'''

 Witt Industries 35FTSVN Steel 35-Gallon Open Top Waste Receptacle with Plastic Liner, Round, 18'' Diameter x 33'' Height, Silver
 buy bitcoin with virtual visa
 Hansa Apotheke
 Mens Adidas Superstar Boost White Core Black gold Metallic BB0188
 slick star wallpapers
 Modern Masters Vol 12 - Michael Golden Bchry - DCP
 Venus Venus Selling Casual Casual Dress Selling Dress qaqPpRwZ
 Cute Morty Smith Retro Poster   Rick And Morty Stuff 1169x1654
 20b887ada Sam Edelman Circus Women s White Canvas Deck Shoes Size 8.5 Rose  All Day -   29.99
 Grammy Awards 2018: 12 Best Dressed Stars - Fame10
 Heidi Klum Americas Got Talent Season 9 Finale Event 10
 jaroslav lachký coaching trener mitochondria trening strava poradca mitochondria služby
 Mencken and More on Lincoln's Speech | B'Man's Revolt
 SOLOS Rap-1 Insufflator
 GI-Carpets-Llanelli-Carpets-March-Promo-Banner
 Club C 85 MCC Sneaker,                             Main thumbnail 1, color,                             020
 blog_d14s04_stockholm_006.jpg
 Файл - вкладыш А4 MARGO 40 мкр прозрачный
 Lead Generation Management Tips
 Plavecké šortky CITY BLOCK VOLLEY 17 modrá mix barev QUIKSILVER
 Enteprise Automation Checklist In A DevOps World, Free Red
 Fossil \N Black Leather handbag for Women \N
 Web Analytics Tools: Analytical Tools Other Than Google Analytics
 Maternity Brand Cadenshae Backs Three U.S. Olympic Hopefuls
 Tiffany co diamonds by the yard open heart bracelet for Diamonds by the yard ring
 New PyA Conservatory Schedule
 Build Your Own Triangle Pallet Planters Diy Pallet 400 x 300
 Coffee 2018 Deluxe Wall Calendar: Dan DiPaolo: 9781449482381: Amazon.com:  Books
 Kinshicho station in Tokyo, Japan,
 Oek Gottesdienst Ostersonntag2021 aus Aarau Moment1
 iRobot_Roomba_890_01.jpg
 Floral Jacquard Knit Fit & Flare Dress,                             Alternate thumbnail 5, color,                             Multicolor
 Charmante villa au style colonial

'''

- [DIRECTIONS FOR THIS TASK]: Precisely the lines between those holding "SOLOS Rap-1 Insufflator" and "Plavecké šortky CITY", inclusive, are to be reproduced from the listing above, with nothing added.

- [OUTPUT]:
 SOLOS Rap-1 Insufflator
 GI-Carpets-Llanelli-Carpets-March-Promo-Banner
 Club C 85 MCC Sneaker,                             Main thumbnail 1, color,                             020
 blog_d14s04_stockholm_006.jpg
 Файл - вкладыш А4 MARGO 40 мкр прозрачный
 Lead Generation Management Tips
 Plavecké šortky CITY BLOCK VOLLEY 17 modrá mix barev QUIKSILVER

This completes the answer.